“我看你好像受傷了,家父的醫術我雖未全部習得,但是治療外傷還是會的,你稍等我一會。”魏風說罷,便要轉身進屋。
“嗯?”這次輪到翟志明開始驚訝了:“乍聽修行之事,你不好奇嗎?”
魏風的反應跟他想象中可是大相徑庭,他說出了自己的修行者身份,對方竟然沒有一點要追問的意思,就連好奇也只是轉瞬即逝,而且從對方的神色與語氣判斷,也不是強作平淡,而是真的想要幫他治傷。
一想到傷勢,他的右臂又開始隱隱作痛起來,他本有事情要辦,奈何昨日被石像鬼傷了慣用手,對於戰力的影響不小,穩妥起見,他纔出了無界山脈,打算在附近的村鎮先落腳療養一下傷勢。
他被石像鬼抓傷的地方有股奇異的能量仍在不斷侵蝕,預計還需一兩日纔可驅除,昨晚在山洞中使用的外傷藥物也發揮不出太大效果,勉強可以止血。
不過先前替魏風出頭時動作幅度太大,傷口又有些崩裂,此時又開始向外滲血了。
說話間,魏風已經從裡屋中拿出了一包藥粉與乾淨的布條,淡淡回道:“修行者不是也會受傷麼,治好了傷再說吧。”
他伸手去解翟志明胳膊上的衣服,對方猶豫了一下沒有閃躲,任由他施爲。
魏風將他先前的包紮解開,將滲出的鮮血擦拭乾淨,然後將藥粉均勻撒在傷口處,取出布條給他重新包紮好,這一套流程頗爲嫺熟。
那布條是魏風製作的紗布替代品,沸水煮五分鐘後晾乾,也能達到消毒效果,他經常上山,身上外傷不斷,所以這些東西都是常備的。
“山洞裡留的藥粉放置有段時日了,效果沒有家裡的好。

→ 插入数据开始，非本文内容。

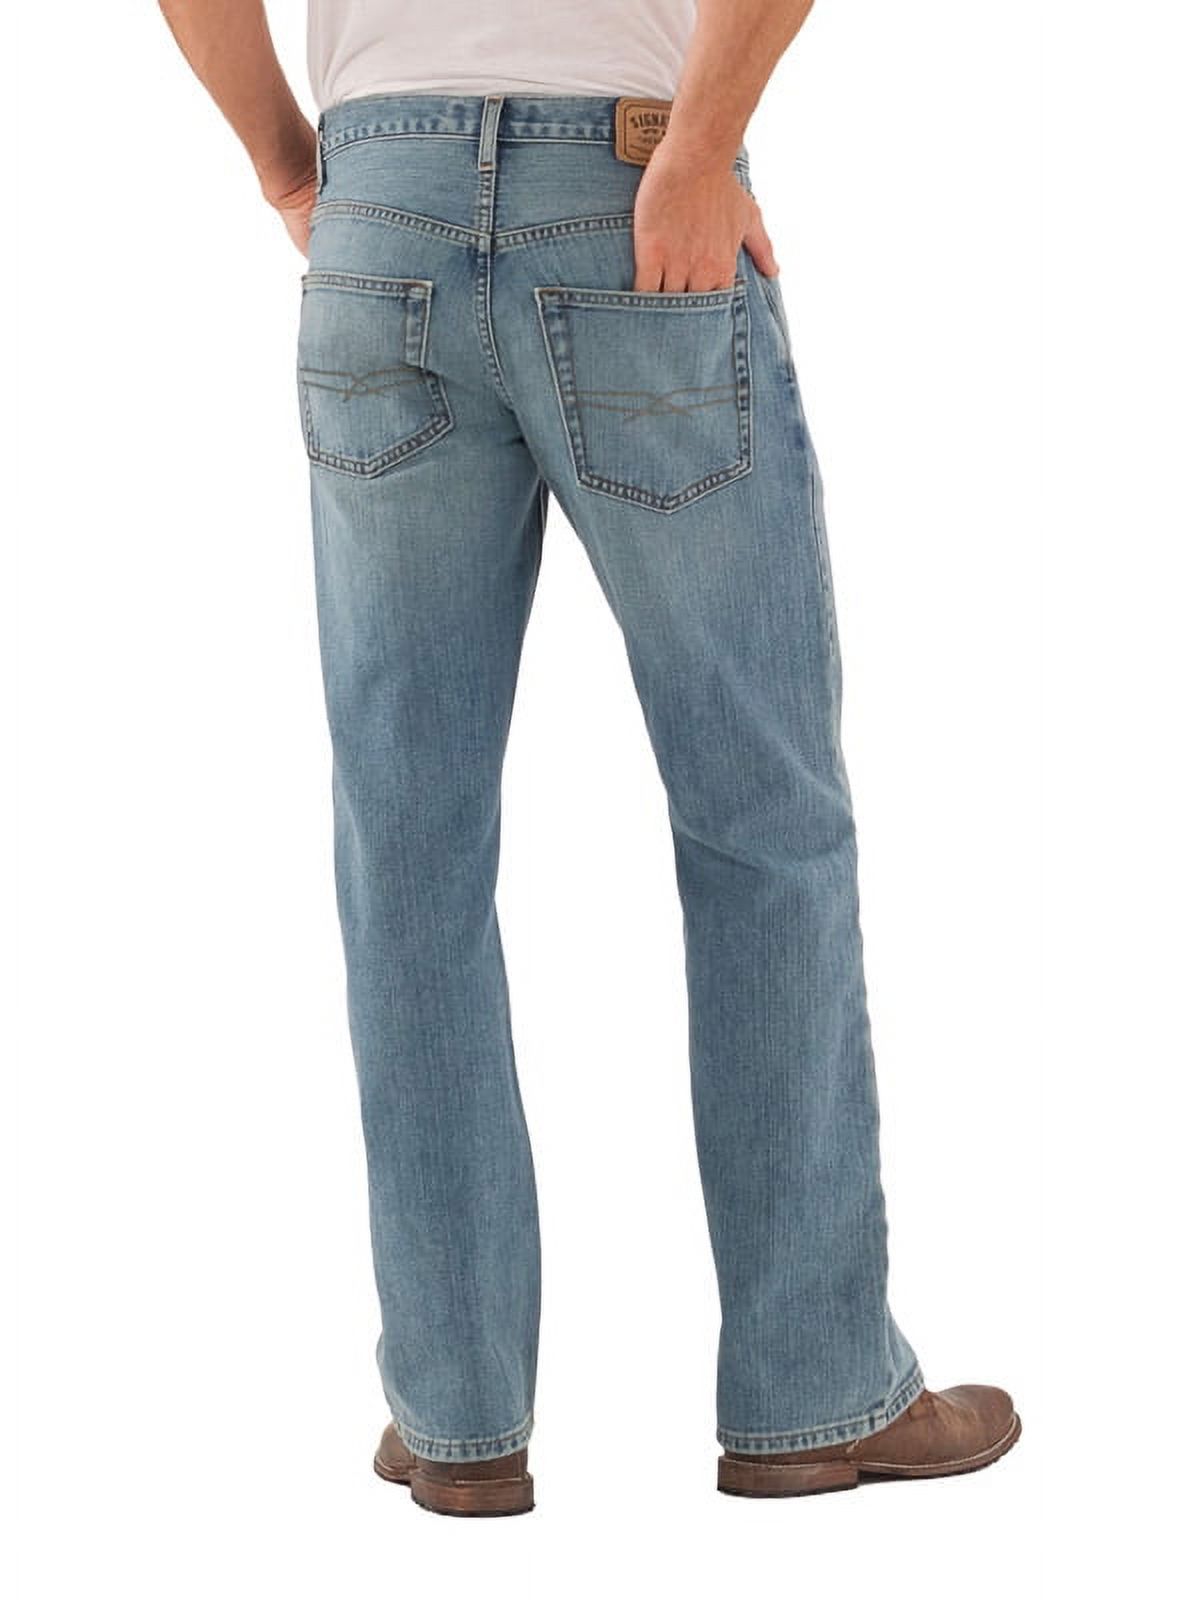 Signature by Levi Strauss & Co. Men's and Big and Tall Bootcut Jeans - image 4 of 7

”魏風淡淡道。
這裡畢竟沒有密封包裝,保質期很短的,藥物潮溼或者氧化都會影響效果,家裡的藥粉他是最近才製作的,效果要好一些。
“多謝小兄弟了。”翟志明面色有些蒼白,一者是還有些虛弱,再者換藥的時候觸動了傷口,疼的。
“你先別謝,待會幹活去。”魏風瞥了他一眼:“你這傷口太深,光用外敷的藥物作用有限,還需內服,家父倒是有一道方子可以奏效,只是差了幾味藥材,我待會給你畫出藥材的模樣與其在後山的位置,伱去採一些回來。”

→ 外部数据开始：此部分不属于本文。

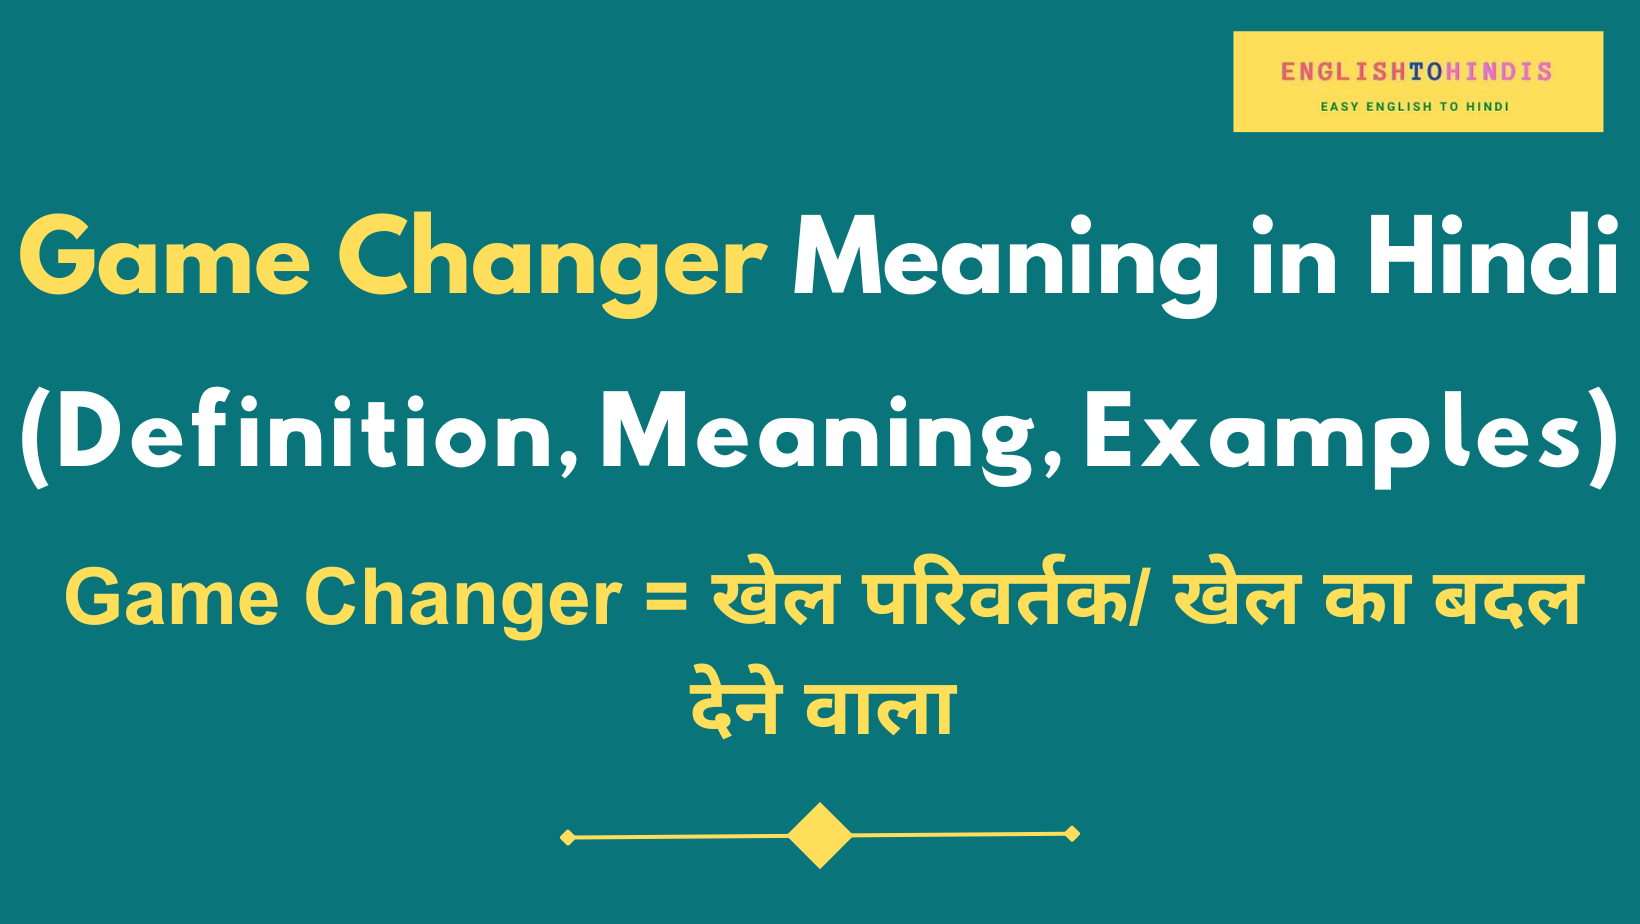 Game Changer Meaning in Hindi

見他想要說些什麼,魏風趕在他開口前又道:“你不是修行者麼,肯定比我這普通人身體好,那你就自己跑一趟吧,如果你能多帶一些回來的話,那說明你們修行者確實厲害。”
不給他反駁機會,魏風回屋找到筆墨紙硯,開始給他畫藥草的外形,蒼狗蹲在一旁看着,兩個烏溜溜的圓眼睛中閃過一絲疑惑。
少頃,魏風將畫好草藥的幾張紙遞給翟志明,挨個向他說明所在位置:“這個你走到半山腰後向東走約莫三裡地就能看到,這個在西側的一處懸崖邊上,這個在……”
翟志明接過畫紙,摸着鼻子有些悻悻然,但還真就轉身出了院門,直奔後山而去,時不時回頭還能看到魏風在門口目送他上山,他不由苦笑,同時心中閃過一絲疑惑,都是治療外傷,敷傷口的藥有,內服的藥卻是不足,有些奇怪。
不過想到魏風可能平時也就被荊棘劃破皮之類的小傷,根本用不到內服藥也是有可能的,所以纔會缺少藥材。
站在門口目送他徹底進入山林,魏風這才轉身進了自己的小院。
“嗚?”蒼狗見外人不在了,發出詢問。
“藥材當然還沒用完,我只是要支走他。”
“嗚?”
“這個我很難給你解釋,人類的世界很複雜,你的小腦袋瓜搞不懂的。”
“嗚?”
蒼狗齜牙,說話就說話,怎麼還狗身攻擊的?
“別嗚嗚了,來搭把手,哦,你沒手,那搭把嘴,你把乾柴叼上,我抱這個,咱們快去快回。”
短短交談的幾句話可以聽出,翟志明不是那種傳統的秩序維護者,他對於殺人也沒什麼特殊看法,這讓魏風心中頓時生出了一個計劃,他也想成爲修行者,但這恐怕無法求來,那不如換種方式。
……
村南,劉老四家。
他們兄弟幾個都住在一起,隔壁就是老五,平日裡劉家幾個兄弟相互照應,在村裡不碰到事就算了,大家維持表面的和平,一旦遇上事,基本沒人惹他們姓劉的,誰讓他們家男丁多呢。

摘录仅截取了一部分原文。